The success of ERP implementations for sustainable SCM is significantly influenced by teamwork between the ERP implementer and organizational team members. Communication plays a significant role within and outside the enterprise. The ERP team that is selected must have sound knowledge and experience to make the ERP implementations successful. There are geographic restrictions on the current investigation. The CSFs involve “employee attitude”, “employee motivation”, “skill and expertise” and “training and education”. The role played by CSFs varies from place to place. The lean implementation project is costly and time-consuming because identical CSFs in another region of the country present different difficulties.

6. Conclusions

ERP provides many strategic advantages, such as operational benefits, business process and management benefits, and strategic IT planning benefits, to enhance SCM sustainability through operational process integration, customer and relationship integration, and planning and control process integration [3]. The current study uses the ISM, MICMAC and IRP methodologies to investigate the CSFs of ERP deployment for sustainable SCM. ISM assists with categorizing the various CSFs of ERP implementation into four clusters, whereas MICMAC assists with measuring the influence of each CSF of ERP implementation on other CSFs of ERP implementation utilizing contextual linkages. Before the real ERP implementation, the results of both techniques can help working managers better understand the CSFs. Relation modeling reveals a considerable relationship between the CSFs of ERP implementation and relation modeling, which aids with planning and decision making. The results of this study are pertinent to the installation of ERP for its expansion and sustainability in SCM. Ranking the CSFs of ERP implementation provides an advantage to practicing managers for prioritizing strategies and decision making for sustainable SCM. The different industrial sectors can use the ISM, MICMAC and IRP methods to identify the relationship between CSFs, which is essential for successful ERP implementation for their strategic SCM. This work’s logical expansion might be to expand into other industries to identify common CSFs. Results from the exploratory analysis and structural equation modeling could be helpful to practicing managers.

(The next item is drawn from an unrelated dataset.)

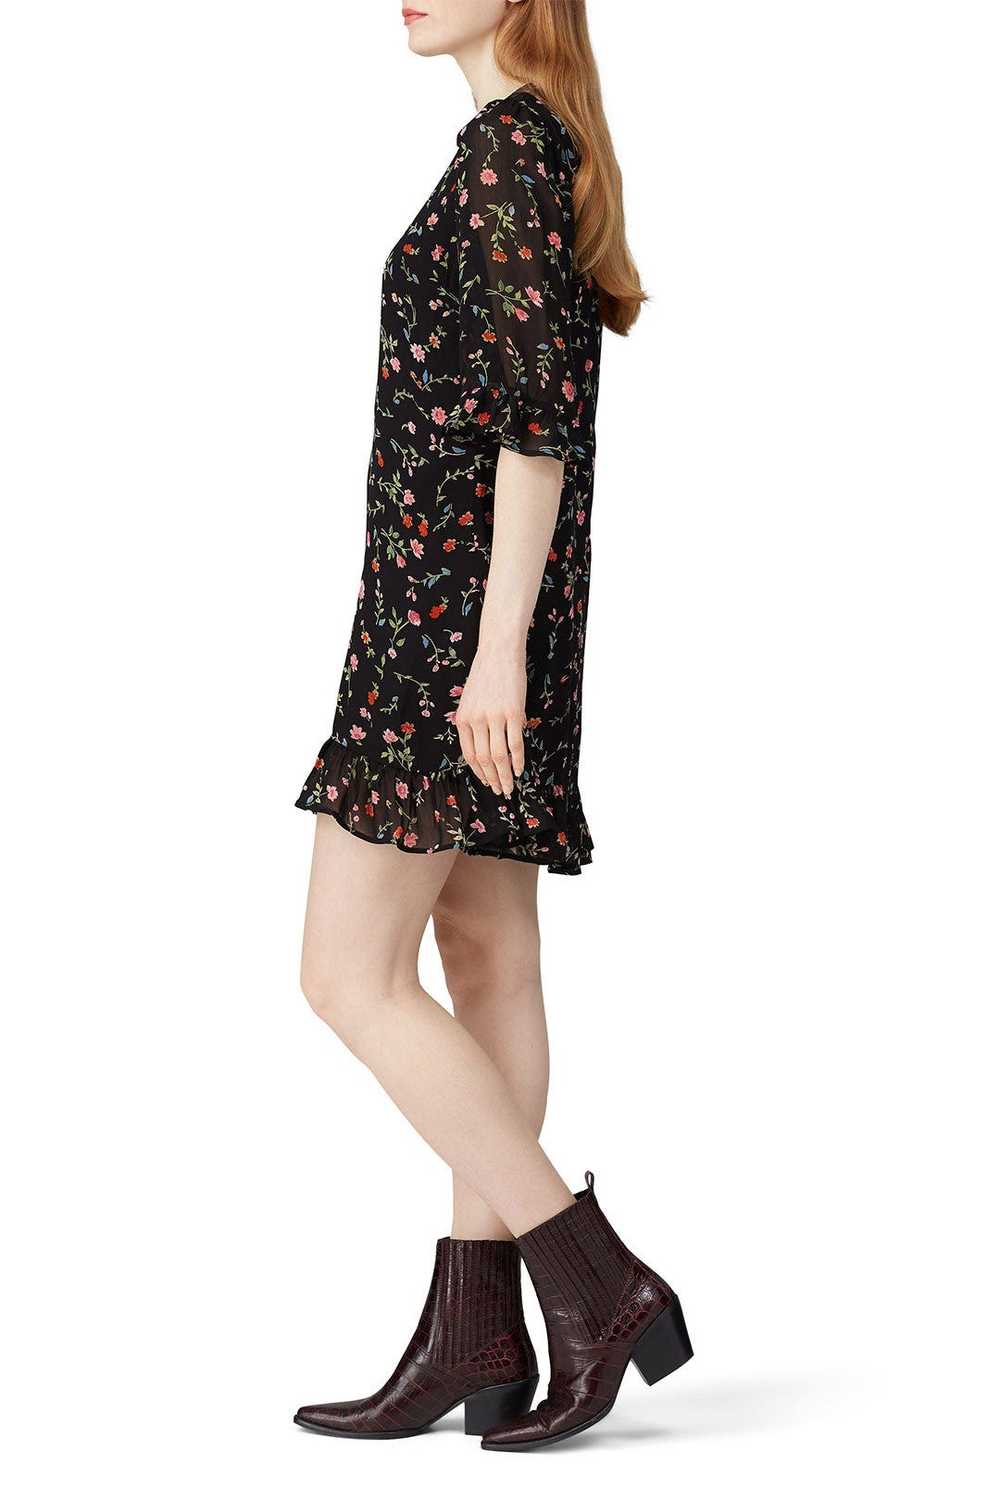 GANNI Black Floral Mini Dress - image 2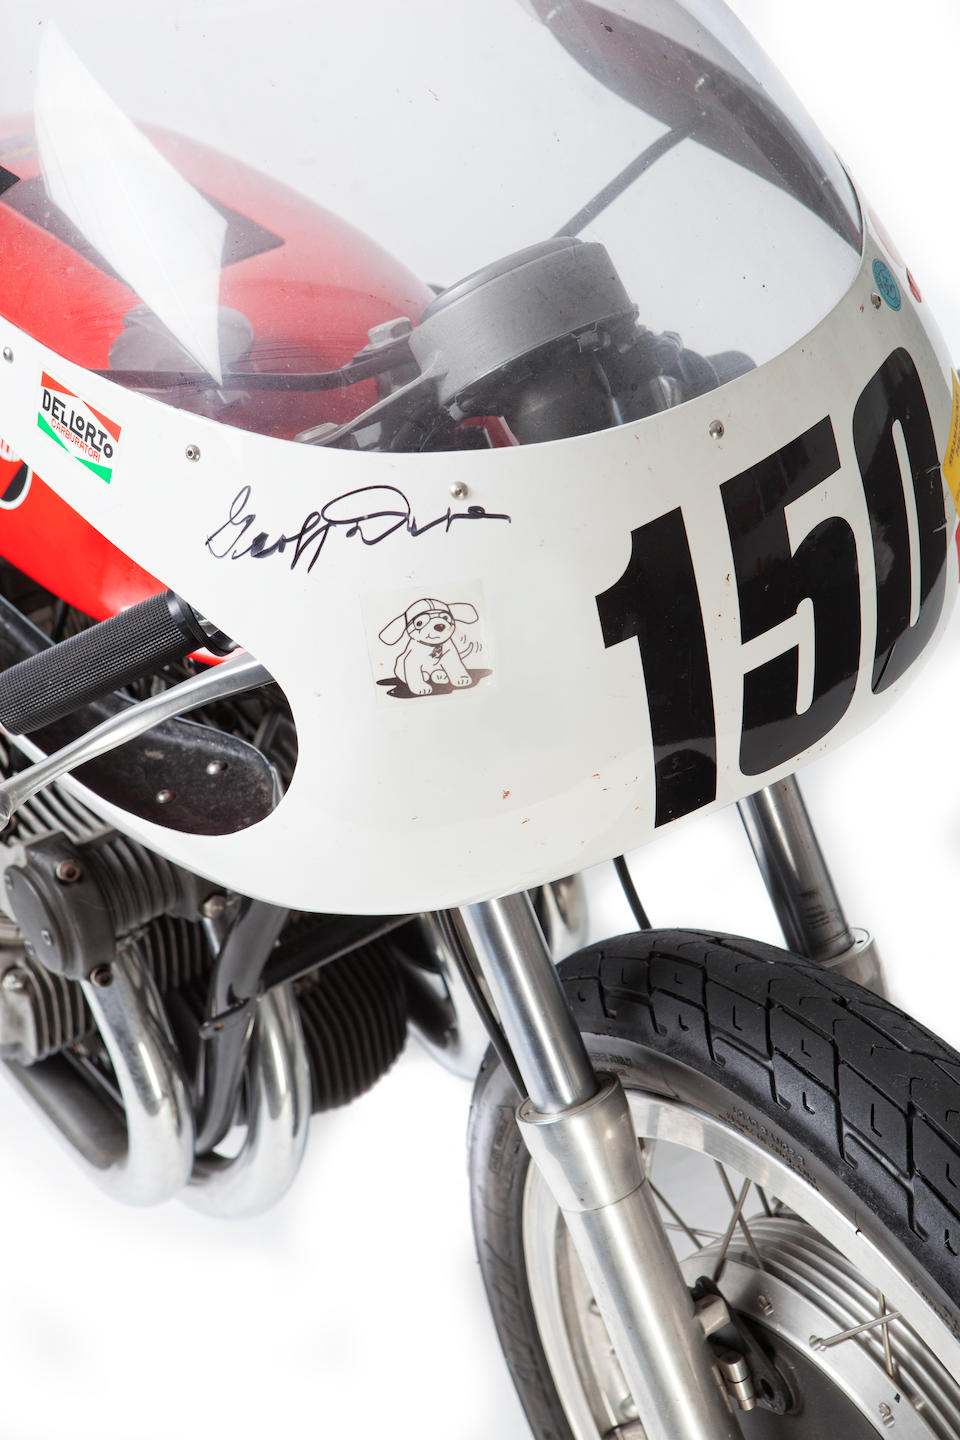 Gilera 500cc Grand Prix Racing Motorcycle Re-creation by Kay Engineering Frame no. 508 Engine no. 508

Future studies related to ERP advancement and its readiness to suit various sectors of I4.0 can be undertaken. Empirical studies to investigate the effectiveness and robustness of the ERP implementation process can be investigated. Exploratory studies and structural equation modeling can be used to identify and study the contextual relationships of the CSFs of ERP implementation, and investigations of the organizational fit for ERP can be undertaken [22]. The successful integration between ERP and SCM can enhance SCM capabilities for sustainable SCM [53]. To defend against counterfeiting in the production process, ERP systems must be properly integrated with SCM systems [23].